У К.Н.Леонтьева, например, по мнению Г. Флоровского, была религиозная тема жизни, но вовсе не было религиозного мировоззрения. В работах К. Леонтьева чувствуются западные, латинские мотивы, его тянет к католичеству, он близок к идее Соловьева о мировой теократии. В национальном смысле Леонтьев был далек от русского православия, так как не верил в идею преображения мира, христианство было для него религией конца. К. Леонтьев сводит религиозно-культурные корни России к некоему упрощенному византизму, которые, по его мнению, царь плюс церковь. Русский интеллигент, потерявший национально религиозное чувство и ощущающий внутри свою духовную неполноценность вне веры в Бога, стремится на своем языке убедить себя в его существовании. Но так как это убеждение идет не от души, а от ума, его рассуждения о Боге скорее лекция по философии, чем живое религиозное чувство. Истинная Вера всегда неотрывна от национального святоотеческого сознания и предания, передаваемого из поколения в поколение. Там, где Вера отрывается от национального сознания, там она превращается в абстракцию, отвлеченное понятие, которое не может тронуть и зажечь человеческую душу.

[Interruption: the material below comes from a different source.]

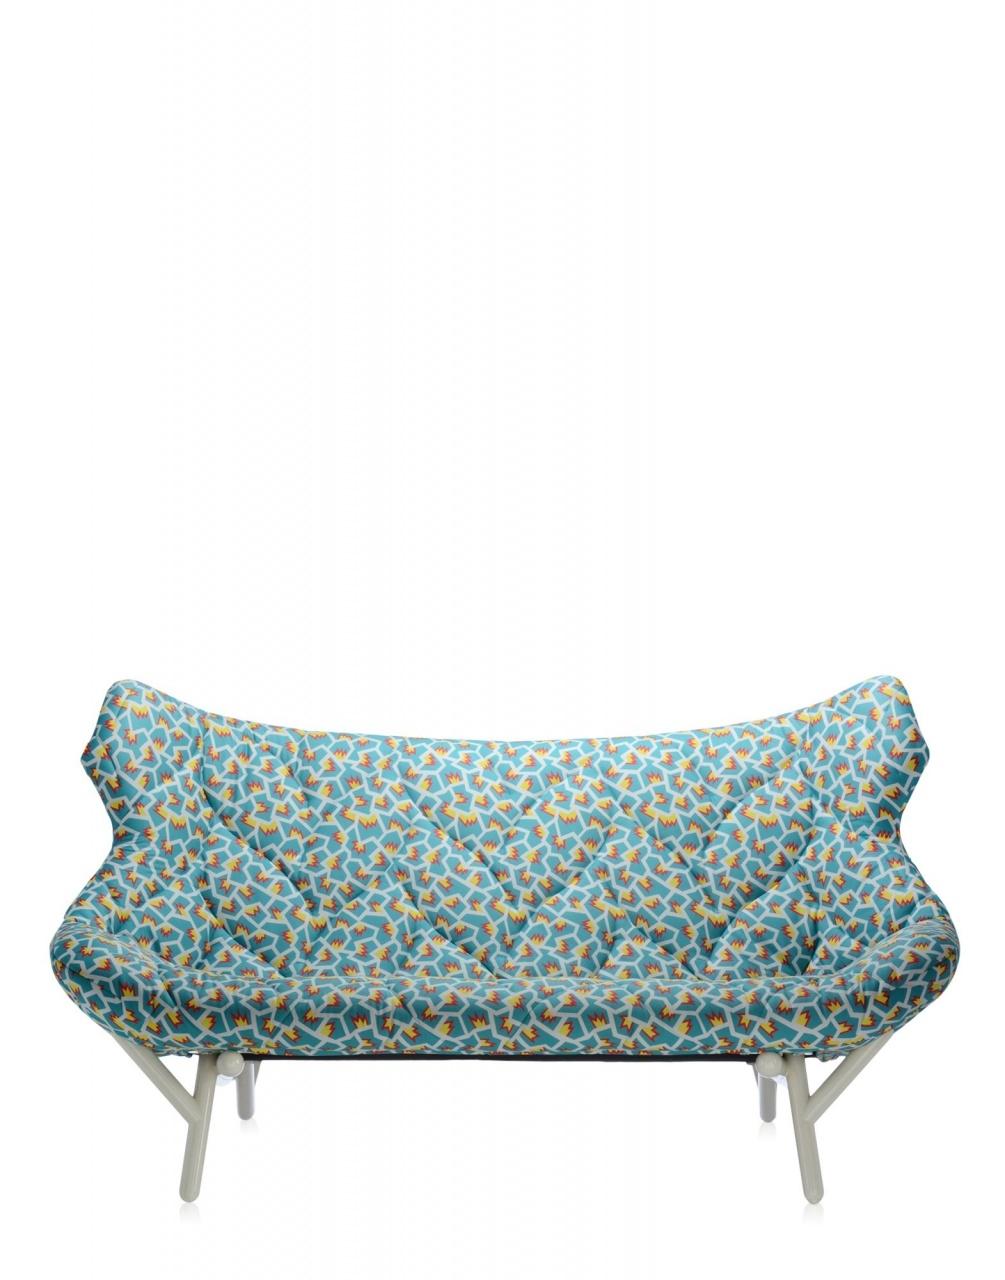 Foliage Sofa
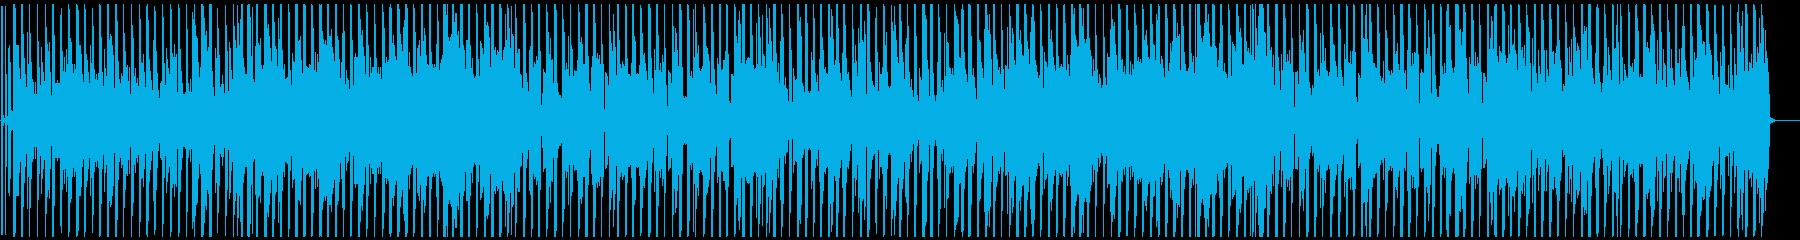 大人なSoul Jazz Funkの再生済みの波形

Чего стоят только интеллигентские мудрствования о Софии. Почти каждый русский “религиозный философ” считал своим долгом внести свой вклад в разработку этой темы, причем каждый по-разному. Получилась, удивительная по своему абсурду и оторванности от живой веры система схоластических рассуждений о высшей мудрости, расположенной между Богом и человеком. А на деле — не имеющие отношения ни к Богу, ни к человеку. Оторванная от национальной жизни, философия нередко порождала философские нелепости.

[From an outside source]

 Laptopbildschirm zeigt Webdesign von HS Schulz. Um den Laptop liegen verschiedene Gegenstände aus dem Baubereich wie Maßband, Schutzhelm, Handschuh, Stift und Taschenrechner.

Идеал личности, по Соловьеву и Бердяеву, — некое двуполое существо, “цельная личность, сочетающая мужчину и женщину”, соединяющую мужские и женские добродетели. Этот идеал полностью осуществим в Царстве Божием, в котором преображенные тела не имеют половых органов или сексуальных функций.

Следовательно, по мнению этих философов, в Божием Царстве личности сверхсексуальны и не двуполы. Для большей части интеллигентов, лишенных национального сознания, религиозные искания заканчивались отпадом от православия, сопровождаемым его оголтелой и чаще всего примитивной критикой. Православие объявлялось ими оплотом реакции и отсталости, который необходимо разрушить. Так думала большая часть русских интеллигентов во второй половине XIX века. Разочаровавшись в православии, эти люди, как правило, не переходили в другую веру, а становились самыми вульгарными атеистами. Вульгарный атеизм — характерная черта многих русских интеллигентов XIX века, православие для них — мракобесие, а священники — обманщики и плуты. Религиозное искусство для них примитивно и достойно внимания, ходить в церковь может только отсталый человек. Идет постоянная травля православных подвижников. В конце XIX века, например интеллигенция, ведет клеветническую кампанию против святого Иоанна

Кронштадтского

К концу века вульгарный атеизм уже не удовлетворяет всей массе русской интеллигенции, лишенной национального сознания, и рядом с ним возникает другая вульгарная разновидность отношения к религии — религиозное реформаторство и, в частности, предложения объединить православие и католицизм при главенствующем значении последнего (В. Соловьев). Это выражало не меньшее, чем у вульгарных атеистов, пренебрежение русским православием.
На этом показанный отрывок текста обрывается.